As such, if a Porsche is out of the question, just Safari something else (like John Rood did with his Toyota Celica). Every bit as cool as a 911, a Datsun 240Z built to rallying specs pays homage to its ancestors (a 240Z won the Safari rally in ’72, and they competed at Monte Carlo). Rally versions of the Datsun 510—Bluebird in some markets—were also very popular, to the point that rally springs were available from some dealers.

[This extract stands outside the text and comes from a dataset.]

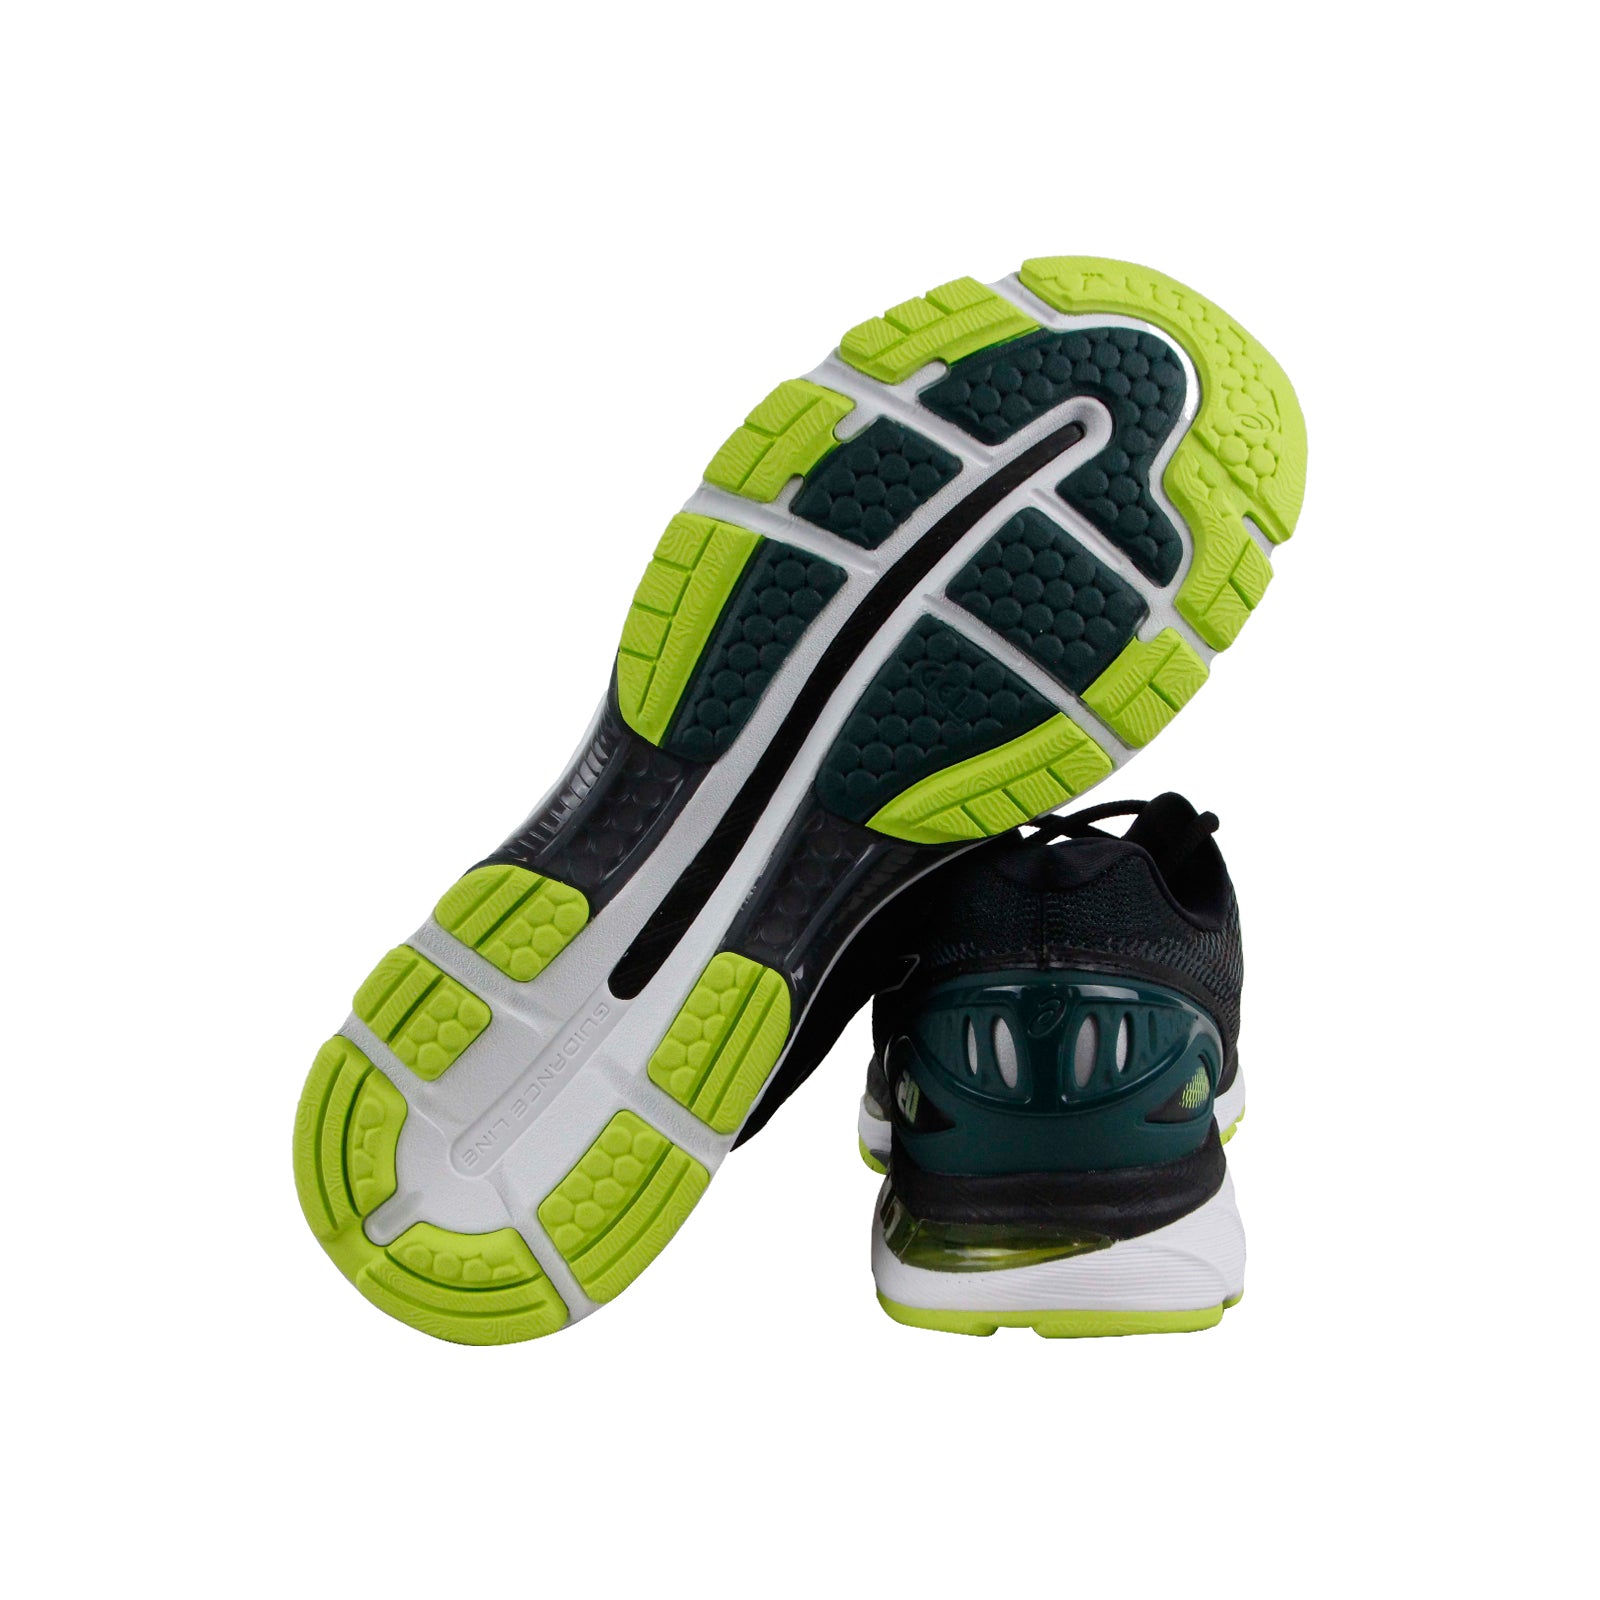 Knorretje invoegen Actuator Asics Gel Nimbus 20 T800N-004 Mens Black Mesh Lace Up Athletic Running -  Ruze Shoes

Then there are all the Baja-style runners from the same period, monsters like James Garner’s 1972 Cutlass Banshee. A tube-frame racer might be pushing it a little far, but there’s no reason why you couldn’t put together something like Garner’s 1969 AIR SC/Rambler, with its 450-horsepower AMC V-8 and stock Jeep underpinnings. Or, speaking of AMC, perhaps there’s something to be said for the Eagle SX-4 coupe, which is basically a Safari’d car right from the factory.
All these and more, just waiting for their chance to hit the gravel and shine. This modern age is filled with crossovers built to take the rugged roads they’ll never see. Never mind the shiny new stuff, go get a forest service road map, a couple of jerry cans, and get out there on safari.